All operators of stationary sources of air pollution are required to apply for and hold a Title V permit, which must list the “enforceable emission limitations and standards” applicable to the source under the Clean Air Act. 42 U.S.C. § 7661c(a); see id. § 7661a(a). If an operator violates the emission limitations and standards incorporated in its permit, the operator can be sued for injunctive relief and “any appropriate civil penalties.” Id. § 7604(a); see id. § 7413(b). But the permit also creates a “shield” from liability that treats compliance with the permit’s terms as compliance with applicable Clean Air Act requirements. Id. § 7661c(f).

Shortly after Congress enacted Title V, EPA promulgated regulations that created a narrow defense for stationary sources that exceed their emission limitations due to an emergency event. See 57 Fed. Reg. 32250, 32306 (1992) (establishing affirmative defense for holders of state-issued Title V permits); 61 Fed. Reg. 34202, 34239 (1996) (extending affirmative defense to holders of federally issued permits). These regulations created “an affirmative defense to an action brought for noncompliance with … technology-based emission limitations” during an emergency. 40 C.F.R. § 70.6(g)(2) (2022). The regulations defined an emergency as “any situation arising from sudden and reasonably unforeseeable events beyond the control of the source, including acts of God,” that “causes the source to exceed a technology-based emission 4 limitation under the permit, due to unavoidable increases in emissions attributable to the emergency.” Id. § 70.6(g)(1) (2022). To qualify for the defense, the permittee was required to prove that “[a]n emergency occurred,” that the facility was “being properly operated,” and that the permittee had taken “all reasonable steps” to minimize excess emissions during the emergency. Id. § 70.6(g)(3) (2022). If the defense applied, a permittee would not be found in violation of the Clean Air Act for exceeding its emission limitations. Id. § 70.6(g)(2) (2022).

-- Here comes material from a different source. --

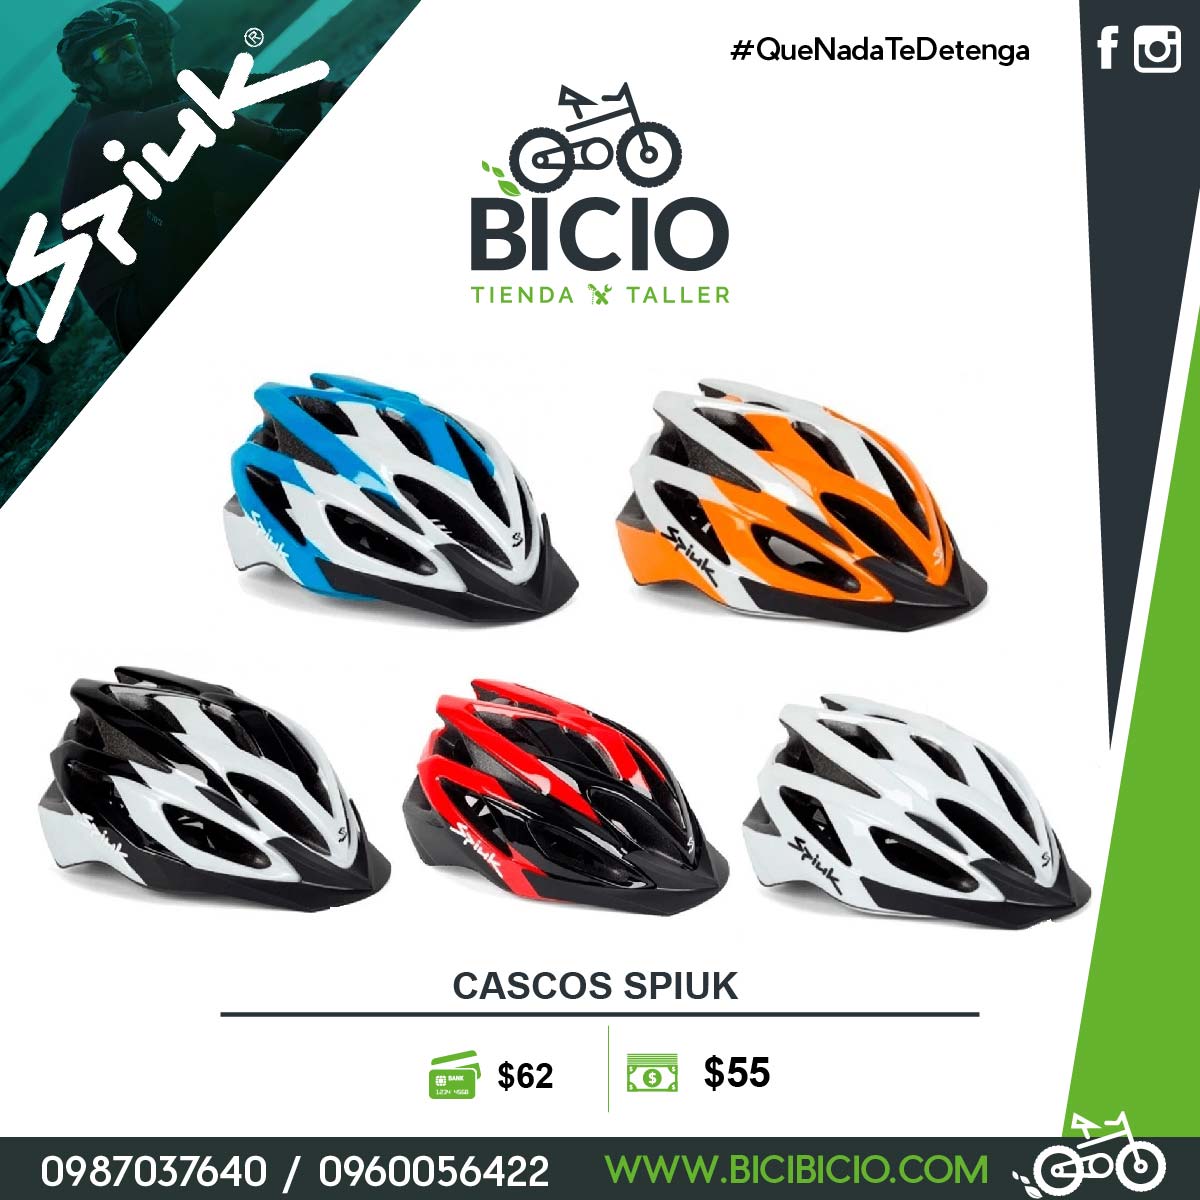 Casco Spiuk - Bicio tienda - taller de bicicletas

For decades, EPA retained the Title V affirmative defense for emergencies. In 2016, however, EPA proposed rescinding the defense on the ground that it unlawfully encroached on the judiciary’s role to impose “any appropriate civil penalties” for Clean Air Act violations. 42 U.S.C. § 7604(a); see 81 Fed. Reg. 38645, 38648–49 (2016) (discussing NRDC v. EPA, 749 F.3d 1055 (D.C. Cir. 2014)). In the alternative, EPA concluded the defense was unlawful because it operated as an exemption from otherwise applicable emission limitations, rendering those limitations non-continuous in violation of 42 U.S.C. § 7602(k). 81 Fed. Reg. at 38648 n.12 (discussing Sierra Club v. EPA, 551 F.3d 1019 (D.C. Cir. 2008)). EPA rescinded the defense in a final rule issued in 2023. 88 Fed. Reg. 47029, 47030–31 (2023).

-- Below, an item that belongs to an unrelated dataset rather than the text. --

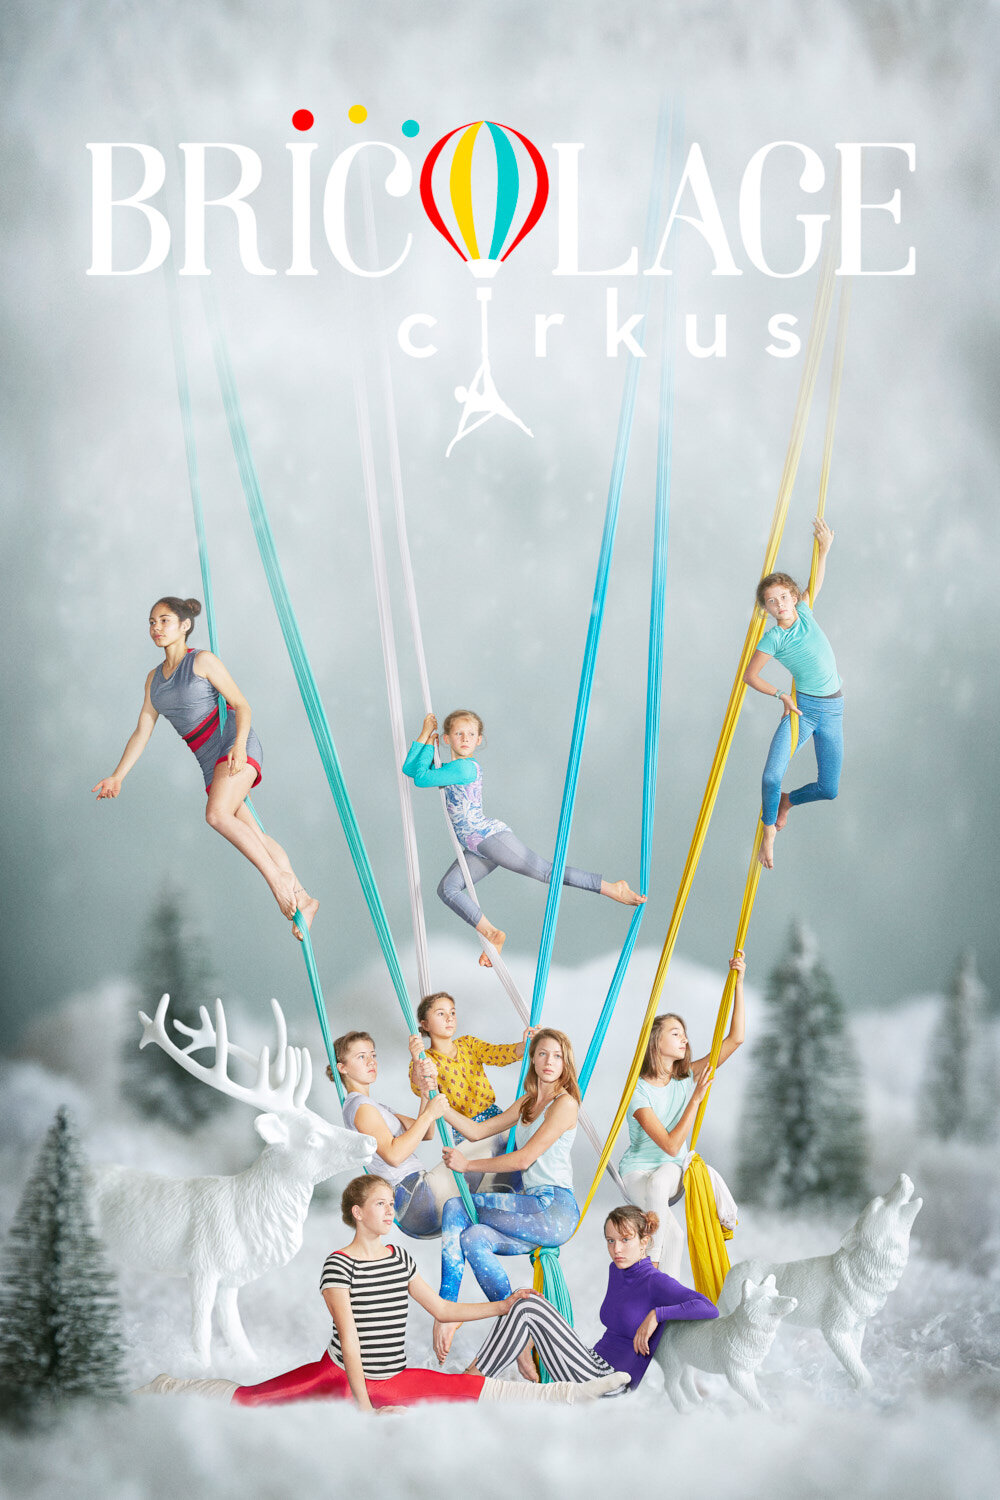 entertainer photographer Hanna Agar creates a winter scene advertising Bricolage Cirkus aerial arts performers

SSM Litigation Group (“SSM”), a coalition of trade associations some of whose members operate stationary sources of air pollution and hold Title V permits, petitioned for review.

II.

We begin, as we must, with our jurisdiction. We have exclusive jurisdiction over petitions challenging “any … nationally applicable regulations promulgated, or final action taken, by the [EPA] Administrator.” 42 U.S.C. § 7607(b). The 5 government and environmental intervenors maintain that SSM has failed to demonstrate standing. Because SSM is an association ultimately representing entities directly regulated under Title V, we conclude it has standing to challenge the rescission of the Title V affirmative defense.

A.

To demonstrate associational standing, “an organization must show that (1) its members would otherwise have standing to sue in their own right; (2) the interests it seeks to protect are germane to the organization’s purpose; and (3) neither the claim asserted nor the relief requested requires the participation of individual members in the lawsuit.” Int’l Dark-Sky Ass’n, Inc. v. FCC, 106 F.4th 1206, 1217 (D.C. Cir. 2024) (cleaned up). At the time SSM submitted its petition, the D.C.